Data were collected and made available by
Dr. Kristen Gorman and the Palmer Station Long Term Ecological
Research (LTER) Program.

```{r, echo = TRUE}
library(palmerpenguins)
penguins
```


## Other Sources and Forms of Data

The [Data Sources link](`r WLNK("datasources.html")`) contains
pointers to a range of different data sources.

Data is available in many forms.

Some are intended for human reading or editing:

* Text files in various formats.

* Excel spreadsheets.

* Tables in web pages.

* Tables in PDF files.

Other forms are designed for reading by programs but may still be
human readable:

* CSV files.

* Json and GeoJson files.

* Web APIs.

In some cases data has been wrapped in R packages, or an R package is
available for working with a specific API.

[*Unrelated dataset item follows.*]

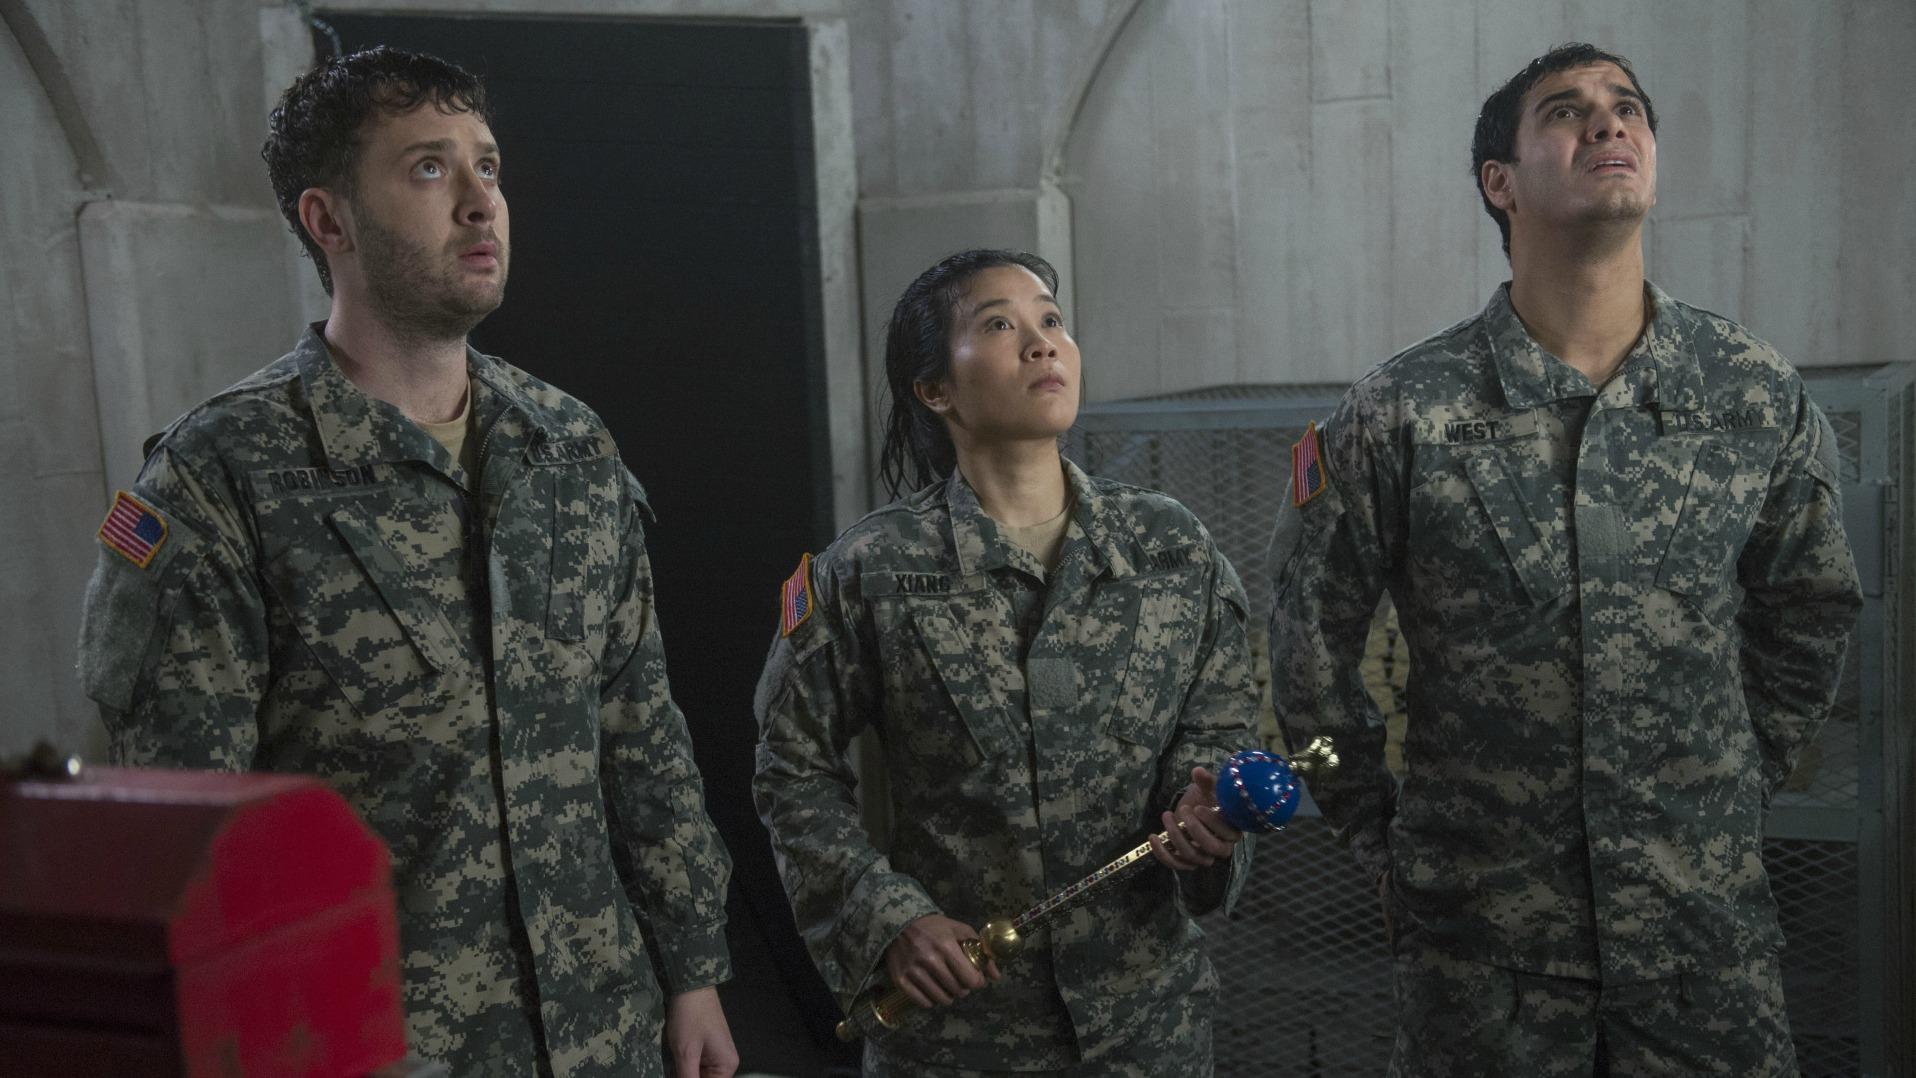 Eddie Kaye Thomas as Toby Curtis, Jadyn Wong as Happy Quinn, and Elyes Gabel as Walter O'Brien
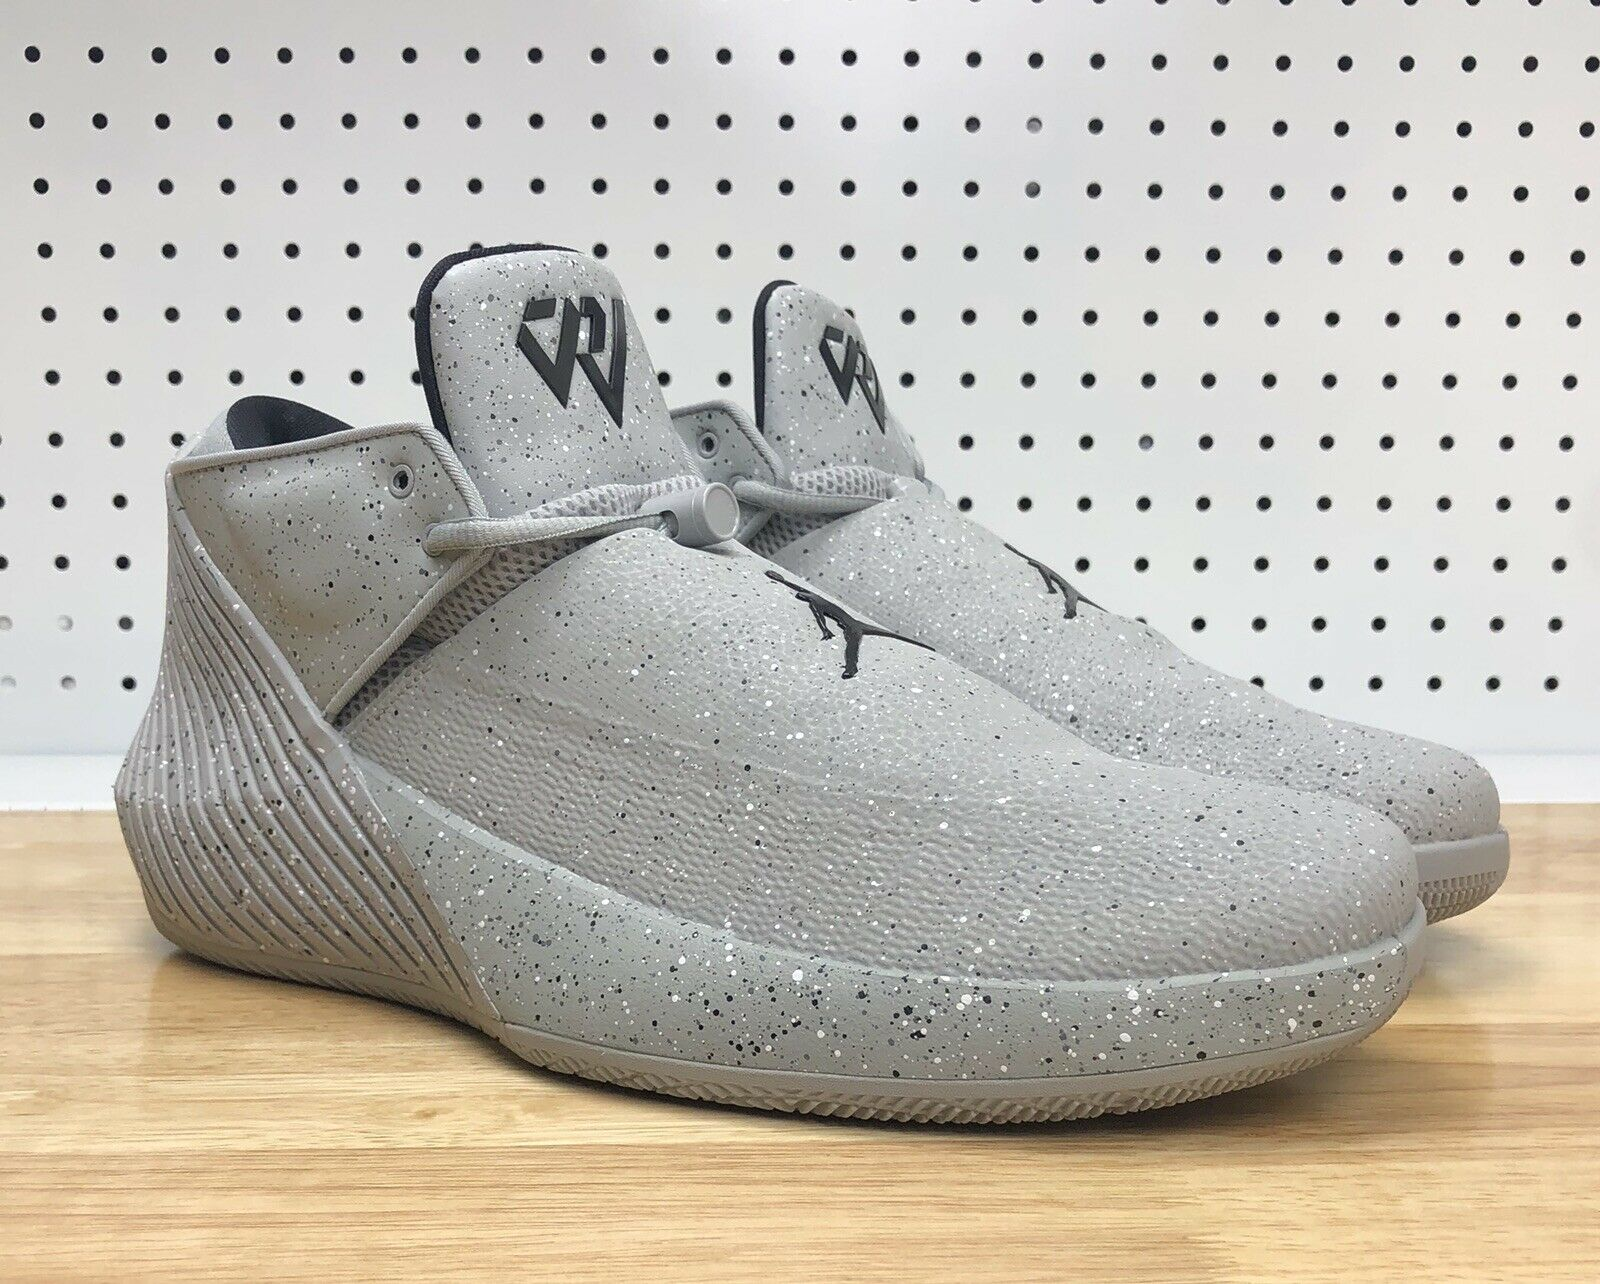 Nike Air Jordan Why Not ZerO.1 Low Cement Grey AR0043-002 Men's Sz 12 Westbrook

Some tools that are available for human-friendly forms:

* Text files: `read.table`, `readr::read_table`, `readLines`.
* Excel: `readxl::read_xls`
* Web pages: `rvest` package.

Some tools for machine-friendly forms:

* CSV files: `read.csv`, `readr::read_csv`.
* Json: `jsonlite::fromJSON`.
* Web APIs: `httr` package.


### Example: Reading a table from Wikipedia

<!-- from Rafa's book -->
A Wikipedia page ([permanent link to an older
version from 2017](https://en.wikipedia.org/w/index.php?title=Gun_violence_in_the_United_States_by_state&direction=prev&oldid=810166167))
contains a table with data on gun murders in the US by states.

```{r, eval = FALSE}
url <- paste0("https://en.wikipedia.org/w/index.php?title=",
              "Gun_violence_in_the_United_States_by_state&",
              "direction=prev&oldid=810166167")
library(tidyverse)
library(rvest)
h <- read_html(url)
tbs <- html_table(html_nodes(h, "table"))
murders <- tbs[[1]]
names(murders) <- c("state", "pop", "murders", "rate")
murders <- mutate(murders,
                  across(2 : 3, function(x) as.numeric(gsub(",", "", x))))
p <- ggplot(murders, aes(x = pop, y = murders))
p + geom_point()
library(plotly)
ggplotly(p + geom_point(aes(text = state)))
```


### Example: National Weather Service Data for Iowa City

Current weather data is available in JSON format from

<https://forecast.weather.gov/MapClick.php?lat=41.7&lon=-91.5&FcstType=json>

Getting current temperature:

```{r, eval = FALSE}
icurl <-
    "http://forecast.weather.gov/MapClick.php?lat=41.7&lon=-91.5&FcstType=json"
icjson <- jsonlite::fromJSON(icurl)
icjson$currentobservation$Temp
```


### Example: Local Area Unemployment Statistics

The Bureau of Labor Statistics provides [data on
unemployment](https://www.bls.gov/lau/) by county for the most recent
14 months at

Previously these data were made available as text files that can be
read using a `read.table`; data from 2023 is available locally at

<https://homepage.divms.uiowa.edu/~luke/data/laus/laucntycur14-2023.txt>

Current data is available at

<https://www.bls.gov/web/metro/laucntycur14.zip>

This contains and Excel spreadsheet.


### Example: Test Scores in an Excel Spreadsheet

A simple Excel file is available in the `dslabs` package ([GitHub
source](https://github.com/rafalab/dslabs/blob/master/inst/extdata/2010_bigfive_regents.xls?raw=true)):

```{r, eval = FALSE}
score_file <-
    system.file("extdata", "2010_bigfive_regents.xls", package = "dslabs")
readxl::read_xls(score_file)
```

[More complicated files](https://stat.uiowa.edu/~luke/data/Arrivals-2017-01-06.xls) will need more processing.


## Reading

More information on data import is provided in the chapter [_Data
Import_](https://r4ds.hadley.nz/data-import.html) of [_R for Data
Science_](https://r4ds.hadley.nz).

Another reference is the chapter [_Importing
Data_](https://rafalab.dfci.harvard.edu/dsbook-part-1/R/importing-data.html) in
[_Introduction to Data Science: Data Analysis and Prediction
Algorithms with R_](https://rafalab.dfci.harvard.edu/dsbook-part-1/).


## Exercises

1. Read in the Playfair data using the `read.table` function and tidy
   the result using the `rownames_to_column` function from the
   `tibble` package.

<!--
Playfair <- read.table("http://www.stat.uiowa.edu/~luke/data/Playfair")
rownames_to_column(Playfair, "city")
-->

2. The variables `site`, `variety`, and `year` in the `barley` data
   set are _factors_.  How many _levels_ do each of these variables
   have? [You can use the functions `levels` and `length`.]